* _PROMPT_:
Extract the full listing verbatim and drop any pictures from your copy.
====== DATA BELOW ======
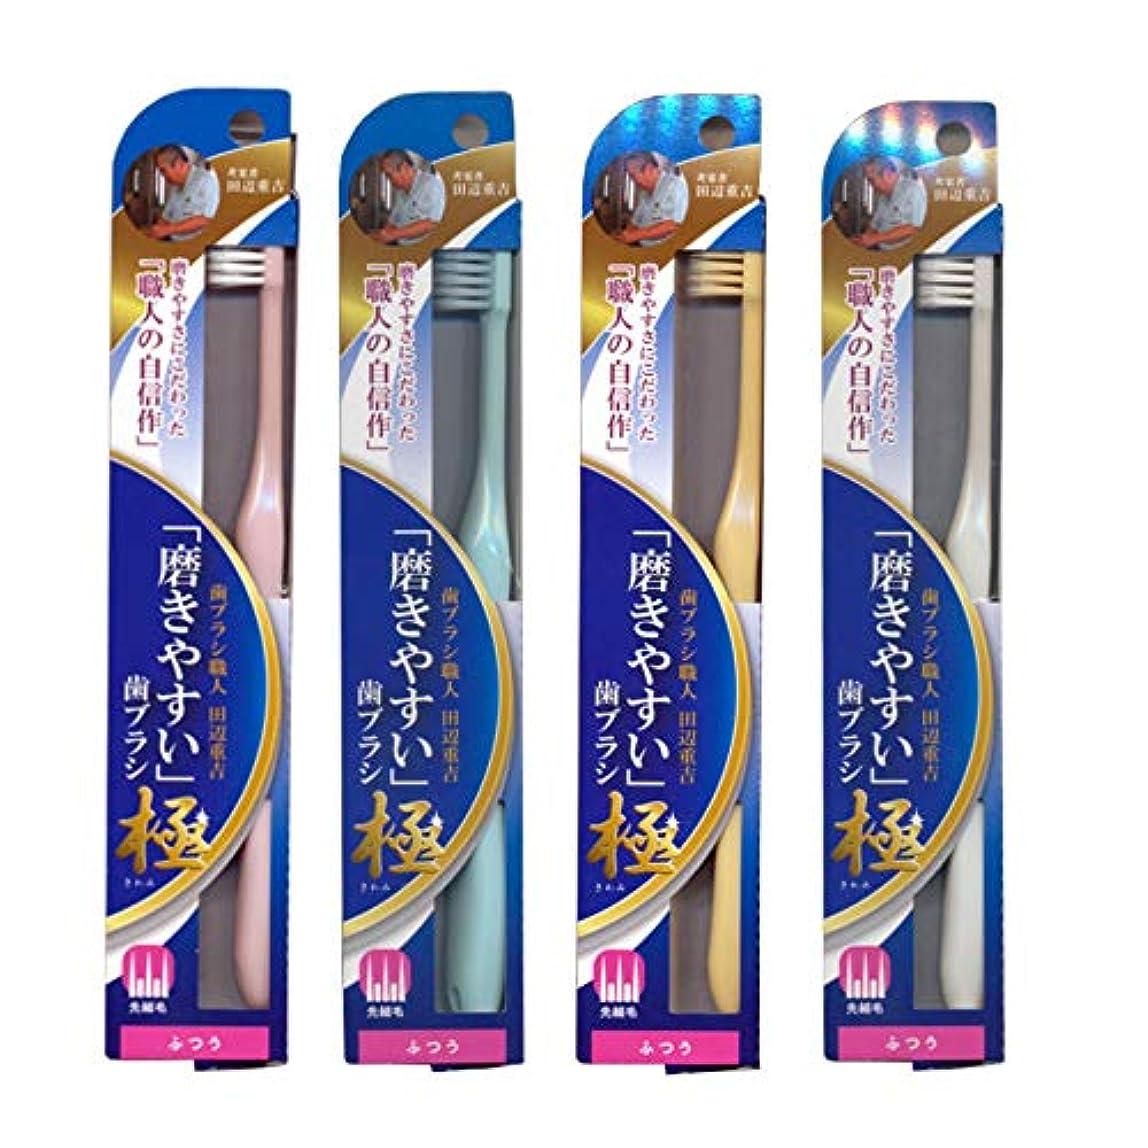 降伏テニス磁気磨きやすい歯ブラシ極 (ふつう) LT-44×4本セット(ピンク×1、ブルー×1、ホワイト×1、イエロー×1)先細毛
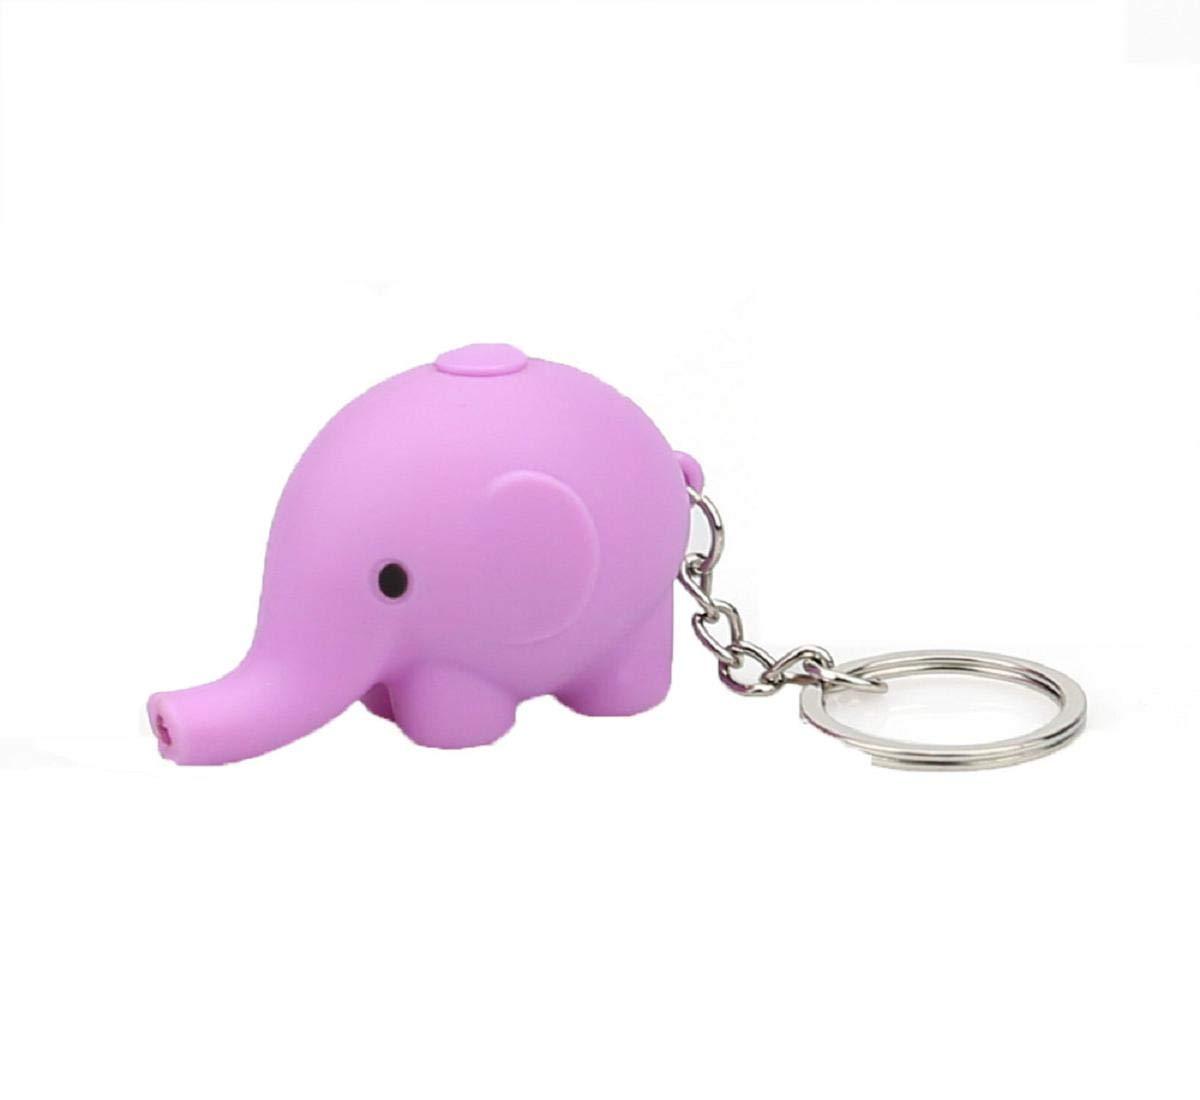 Koojawind Trousseau de Dessin animé de Forme d'éléphant avec LED lumière Son Porte-clés Enfants Jouet Cadeau, Porte-clés Cadeau Pendentif clé, Porte-clés Enfants Jouet Cadeau
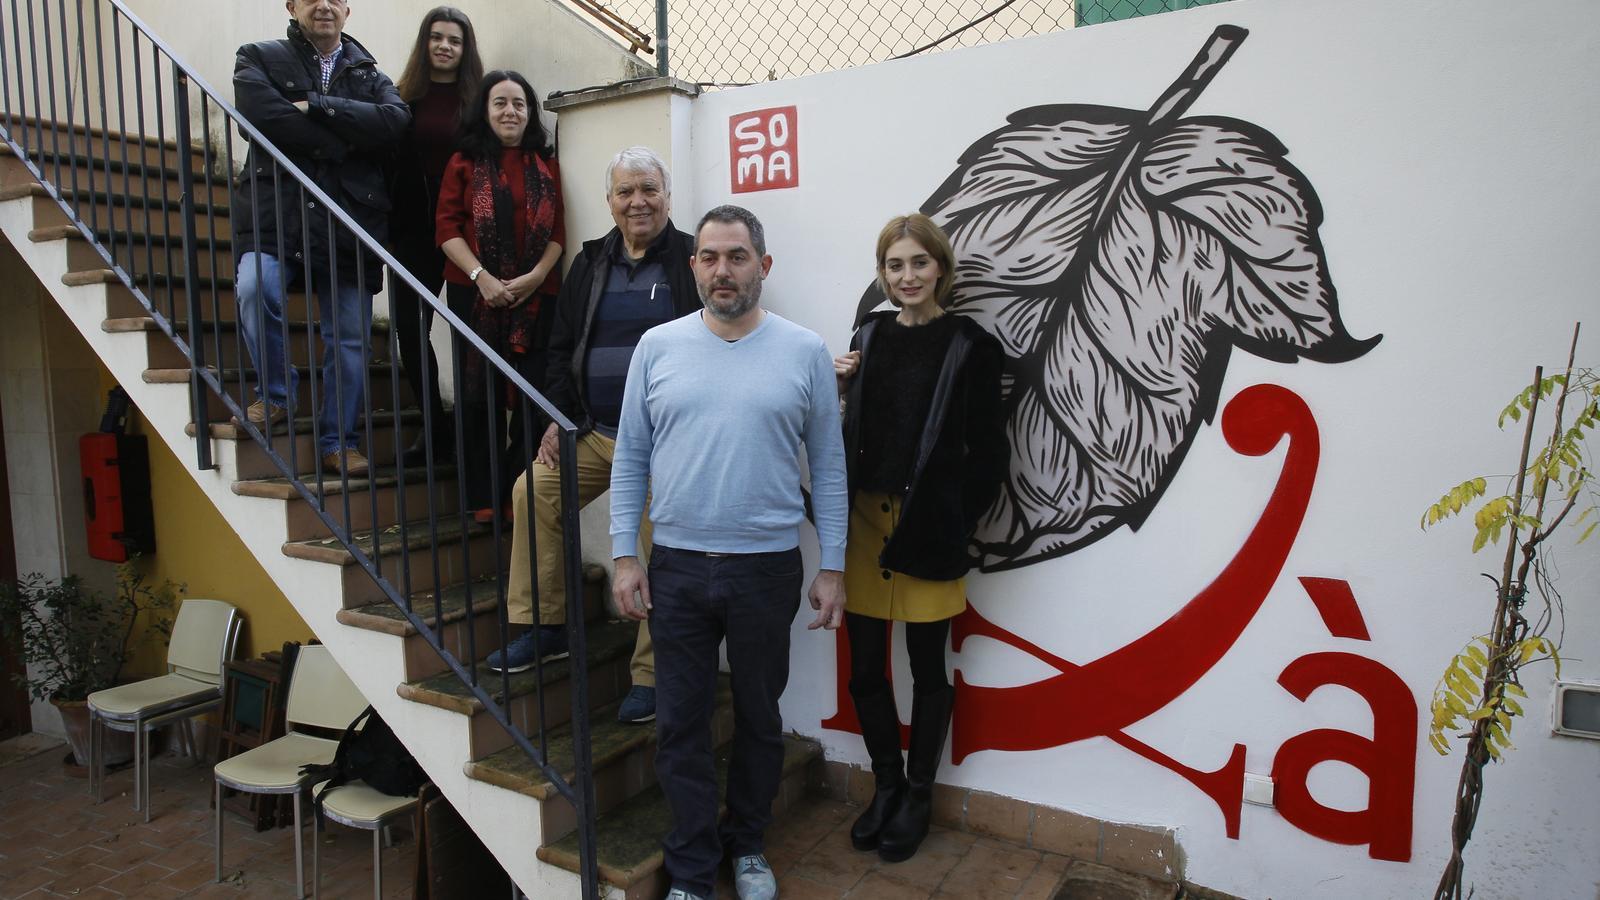 De dalt a baix: Antoni bibiloni, una representant de Club Scrabble Eivissa, Alícia Sintes, Jordi Cloquell, Josep de Luis i Laura Gost
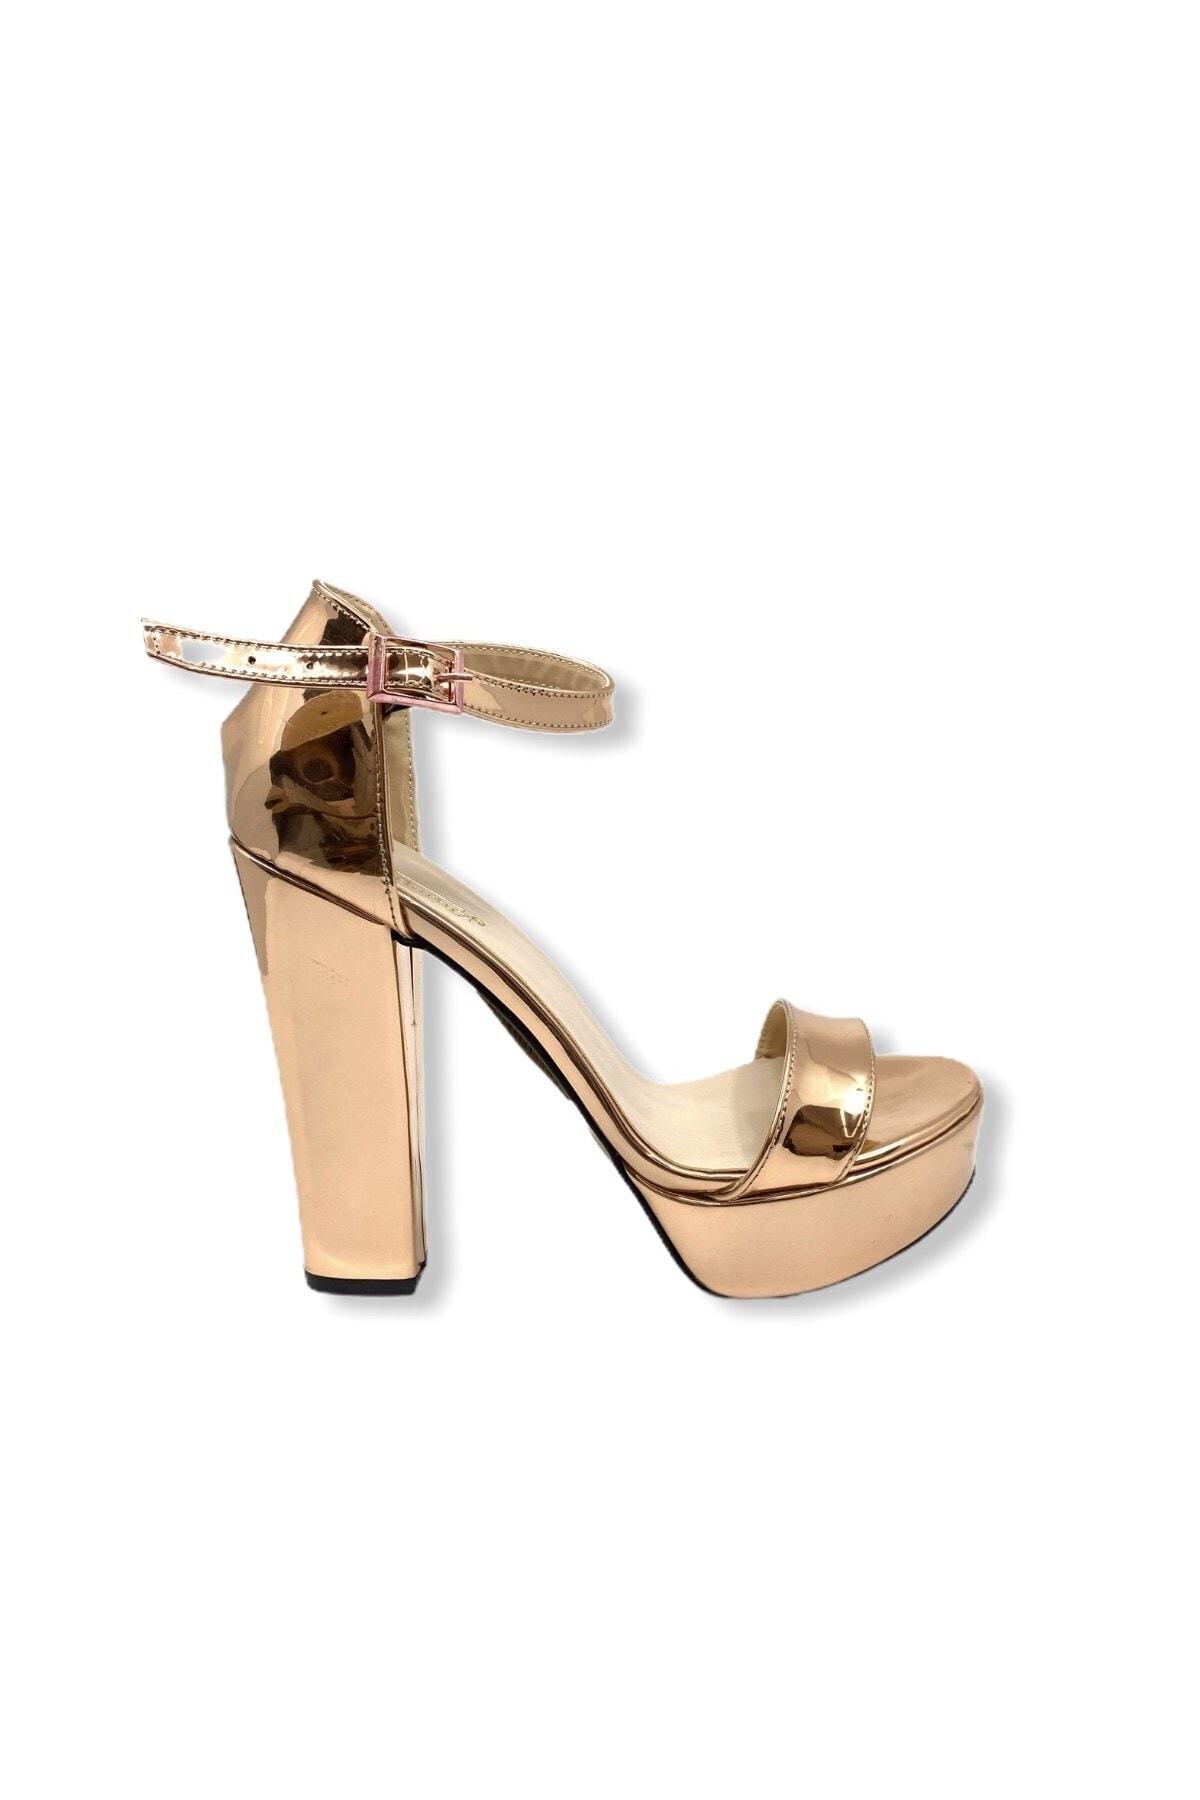 Stil Durağı Kadın Pembe Topuk Boyu Platform Taban Tek Bant Ayakkabı 14 cm
======
* _OUTPUT BELOW_:
 降伏テニス磁気磨きやすい歯ブラシ極 (ふつう) LT-44×4本セット(ピンク×1、ブルー×1、ホワイト×1、イエロー×1)先細毛
 Koojawind Trousseau de Dessin animé de Forme d'éléphant avec LED lumière Son Porte-clés Enfants Jouet Cadeau, Porte-clés Cadeau Pendentif clé, Porte-clés Enfants Jouet Cadeau
 De dalt a baix: Antoni bibiloni, una representant de Club Scrabble Eivissa, Alícia Sintes, Jordi Cloquell, Josep de Luis i Laura Gost
 Stil Durağı Kadın Pembe Topuk Boyu Platform Taban Tek Bant Ayakkabı 14 cm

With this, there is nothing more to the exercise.